KAPITEL I
Königin der Toten
Sorgfältig verborgen in den Tiefen des Waldes der Toten lebte eine Familie von Hexen. Ihr Anwesen aus schroffem grauem Gestein thronte auf dem höchsten Hügel und überblickte eine weitläufige Landschaft voll abgestorbener Bäume, deren morsche Äste sich wie verkrümmte, knochige Finger gen Himmel streckten.
Den Wald umschloss ein undurchdringliches Dickicht aus Rosenbüschen, an deren Zweigen noch immer winzige, wunderschön erhaltene Knospen hingen, obwohl die Büsche länger tot waren, als sich irgendeine lebendige Seele erinnern konnte. Dies war die Grenze zwischen der Welt der Lebenden und dem Wald der Toten, und die Hexen, die in diesem Wald lebten, überschritten sie nur selten, um jenen auf der anderen Seite zu schaden. Im Gegenzug verlangten sie von den Lebenden nur eine einzige Sache: ihre Toten.
Denn der Wald der Hexen bestand nicht nur aus leblosen Bäumen. Es war der Ort, an dem die Toten ihre letzte Ruhe fanden – das zumindest erzählten sich die Bewohner der nahe gelegenen Dörfer. Sie zogen es vor, den Wald wie einen Friedhof zu betrachten, zu dem ihnen der Zutritt verboten war, und in den Hexen sahen sie seine Wächter. Doch tief in ihren Herzen wussten sie, dass ihren geliebten Verstorbenen an dem Ort, der ihre letzte Ruhestätte hätte sein sollen, nur wenig Frieden vergönnt war.
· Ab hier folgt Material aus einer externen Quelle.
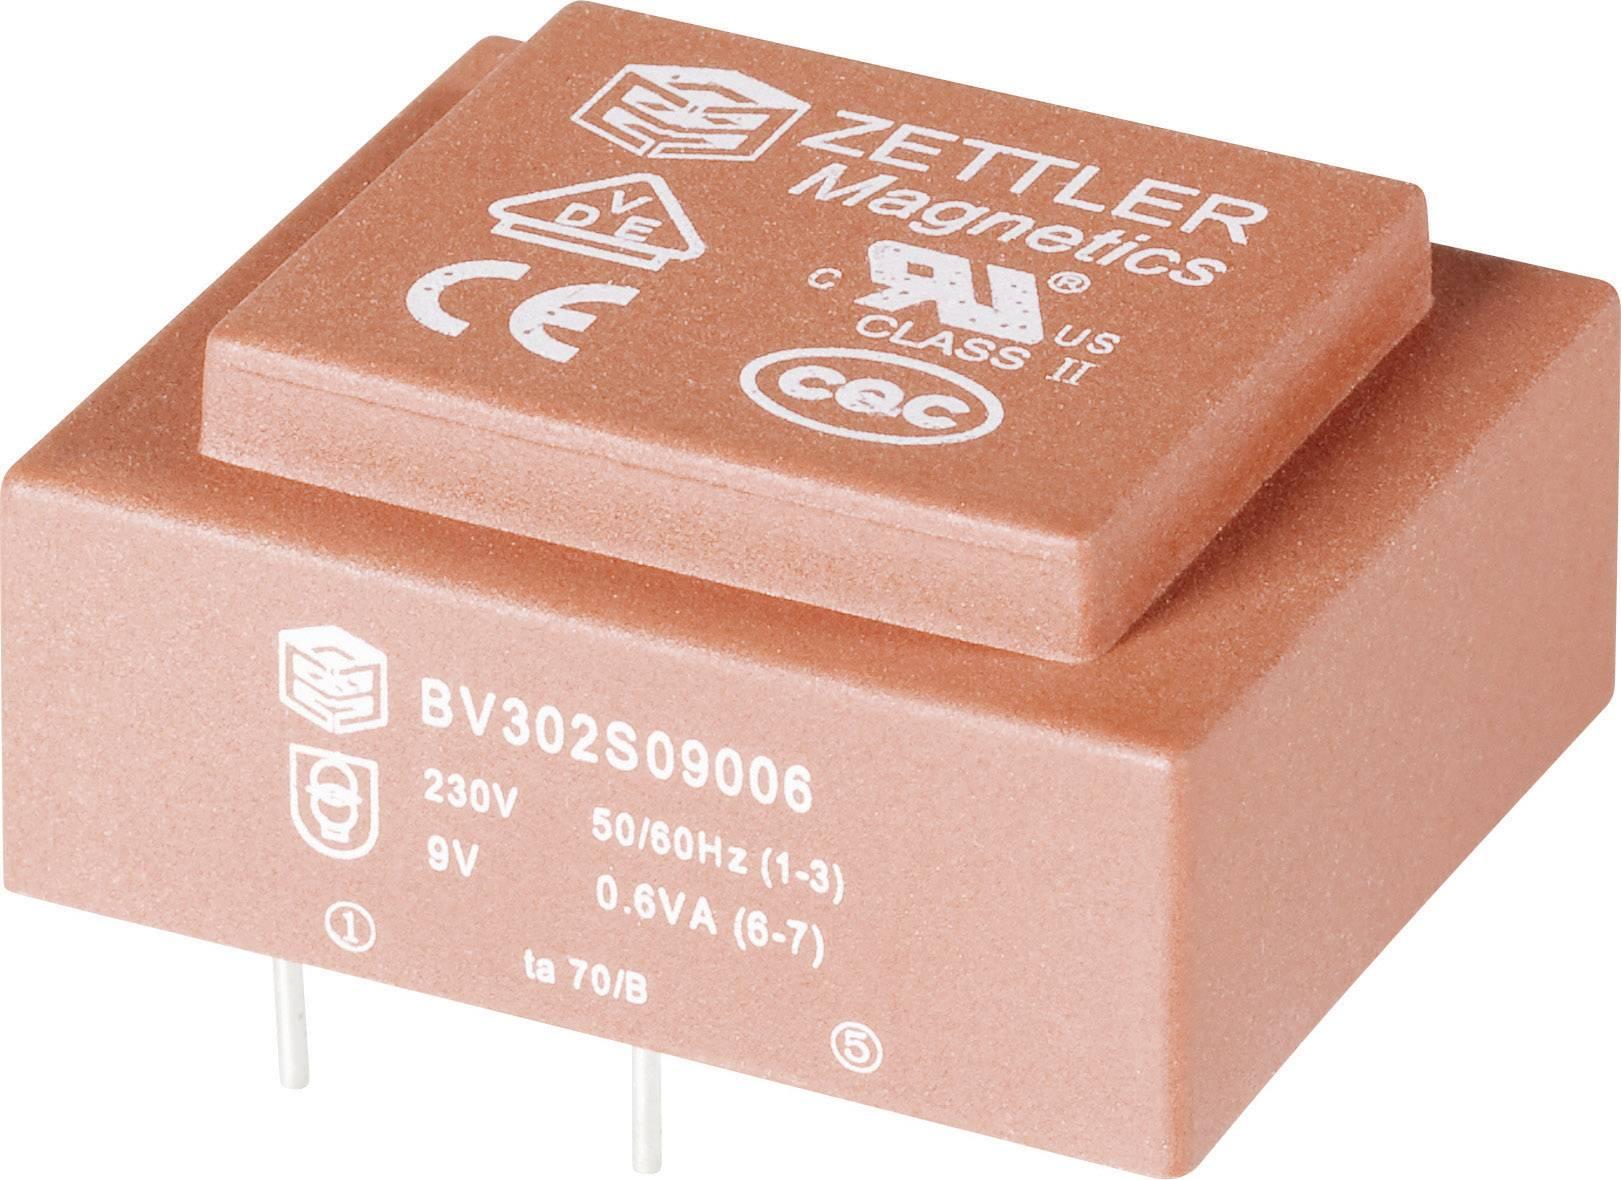 Transformátor do DPS Zettler Magnetics El30, 230 V/9 V, 66 mA, 1 VA

Aber mit diesem Teil der Geschichte wollen wir uns jetzt noch nicht befassen. Für den Moment liegt unser Augenmerk auf der Geschichte von drei Hexenschwestern – Hazel, Gothel und Primrose – und ihrer Mutter Manea, der sagenumwobenen Königin der Toten, einer der mächtigsten und gefürchtetsten Hexen aller Zeiten.
Manea machte keinen Hehl daraus, was für eine Enttäuschung ihre Töchter für sie waren, und betonte bei jeder sich bietenden Gelegenheit, dass die drei, obwohl am selben Tag geboren, keine eineiigen Drillinge waren. Eineiige Hexentöchter galten in allen magischen Reichen als große Ehre. Sie waren die Lieblinge der Götter, denn sie besaßen größere Macht und mehr magisches Potenzial als jede gewöhnliche Hexe. Und obwohl Gothel und ihre Schwestern streng genommen Drillinge waren, hätten sie nicht unterschiedlicher sein können.
Lasst uns mit Gothel beginnen, der jüngsten Schwester, wenn auch nur um einige wenige Stunden. Sie hatte rabenschwarzes Haar und dunkle Züge mit großen, ausdrucksstarken grauen Augen. Ihre wilde Mähne widerspenstiger Locken war häufig voller kleiner Äste oder trockener Blätter aus dem Unterholz, durch das sie ihren Schwestern im Toten Wald folgte, wenn die drei in der Landschaft aus Friedhöfen herumtollten. Wenn Gothel sich einmal entschied, lange genug von einem ihrer geliebten Bücher aufzuschauen, um ihre Umgebung wahrzunehmen, war sie eine charismatische Persönlichkeit, die die Aufmerksamkeit von jedem im Raum auf sich zog. Sie war eine nachdenkliche, pragmatische junge Frau, die sich nur selten von ihren Gefühlen beherrschen ließ und gänzlich darauf fokussiert war, eines Tages den Platz ihrer Mutter im Wald der Toten einzunehmen. Nur eine einzige Sache war ihr noch wichtiger: ihre Schwestern.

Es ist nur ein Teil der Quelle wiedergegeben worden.